Friday, March 11, 2016

Like an O.Henry Story



One guy told me he’d been working as a plastics engineer in Detroit when he developed marital problems. Following his divorce, he'd decided to take some time off, and flew out to San Francisco for the beginning of a vacation.

He was walking across Market Street in broad daylight when he was blind-sided by a taxi, and nearly killed. He was unconscious—in a coma—for a month, and there was some doubt that he’d even live. He’d been a very fit man, a weight-lifter before the accident.

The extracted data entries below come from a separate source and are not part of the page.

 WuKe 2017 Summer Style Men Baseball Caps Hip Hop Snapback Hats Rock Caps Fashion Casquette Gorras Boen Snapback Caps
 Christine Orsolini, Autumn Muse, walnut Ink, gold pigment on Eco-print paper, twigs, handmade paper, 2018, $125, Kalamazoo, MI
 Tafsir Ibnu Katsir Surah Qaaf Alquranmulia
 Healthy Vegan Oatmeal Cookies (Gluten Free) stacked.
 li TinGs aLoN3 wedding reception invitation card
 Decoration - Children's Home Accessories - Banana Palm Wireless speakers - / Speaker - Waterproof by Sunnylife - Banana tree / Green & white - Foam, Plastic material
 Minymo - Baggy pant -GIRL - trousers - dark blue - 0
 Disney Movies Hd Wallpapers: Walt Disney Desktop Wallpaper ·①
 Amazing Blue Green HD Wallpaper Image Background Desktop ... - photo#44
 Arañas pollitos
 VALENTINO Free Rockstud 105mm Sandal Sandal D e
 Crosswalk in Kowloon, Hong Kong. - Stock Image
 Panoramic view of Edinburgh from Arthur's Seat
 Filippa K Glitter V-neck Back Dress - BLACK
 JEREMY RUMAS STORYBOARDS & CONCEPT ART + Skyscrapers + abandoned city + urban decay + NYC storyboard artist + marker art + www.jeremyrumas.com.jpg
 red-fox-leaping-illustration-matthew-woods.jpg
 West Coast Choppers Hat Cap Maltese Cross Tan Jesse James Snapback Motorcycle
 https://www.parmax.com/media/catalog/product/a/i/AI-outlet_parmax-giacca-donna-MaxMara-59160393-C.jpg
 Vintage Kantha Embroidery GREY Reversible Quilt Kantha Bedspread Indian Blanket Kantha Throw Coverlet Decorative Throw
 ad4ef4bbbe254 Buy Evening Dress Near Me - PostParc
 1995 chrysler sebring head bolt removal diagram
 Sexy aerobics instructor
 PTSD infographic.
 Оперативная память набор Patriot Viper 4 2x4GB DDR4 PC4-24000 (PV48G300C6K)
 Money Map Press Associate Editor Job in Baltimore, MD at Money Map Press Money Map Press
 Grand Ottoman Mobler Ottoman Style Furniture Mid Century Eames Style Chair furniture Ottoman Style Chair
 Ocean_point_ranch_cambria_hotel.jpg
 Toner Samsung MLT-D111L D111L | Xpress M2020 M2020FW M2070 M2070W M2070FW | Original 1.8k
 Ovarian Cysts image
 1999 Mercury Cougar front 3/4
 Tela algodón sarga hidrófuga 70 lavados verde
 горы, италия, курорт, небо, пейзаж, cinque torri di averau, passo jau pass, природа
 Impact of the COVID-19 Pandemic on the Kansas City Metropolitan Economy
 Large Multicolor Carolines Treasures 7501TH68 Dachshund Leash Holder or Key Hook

When he finally recovered, he’d been missed back at his old job with General Motors, and was presumed disappeared or dead. After 5 months in the hospital, he was a shadow of his former self, and he decided to stay in San Francisco for a while. Work was hard to come by, he was on general assistance. He took any kind of part-time work he could find. He was hired by the owner of an old apartment building in the city to sit in a dark basement and shoot rats.

After a while, he developed some mysterious infections, which the doctors couldn’t diagnose. It turned out that while he’d been in the hospital, he’d been given blood transfusions, and he’d gotten the AIDS virus. This was in the early days of the disease, and he tried various kinds of medicines, none of which quite worked.  But he persevered, and managed to stay alive.

He’d also been a serious amateur jazz pianist, an interest we shared. He greatly admired Errol Garner, whom he said he heard play several times. He was astonished at how fast and accurately Garner could play octave trills and leaps—one of the hardest feats at the keyboard. He even got a few gigs himself in some dive in the city.

He’d been a polymer physics researcher at GM. He was philosophical about his plight, accepting the hand fate had dealt him. He wondered what might have happened to him, if his wife hadn’t decided to divorce him.

I lost track of him back in the ‘90’s, but always remember how strange and mysterious his life had been. His life was like an O Henry story.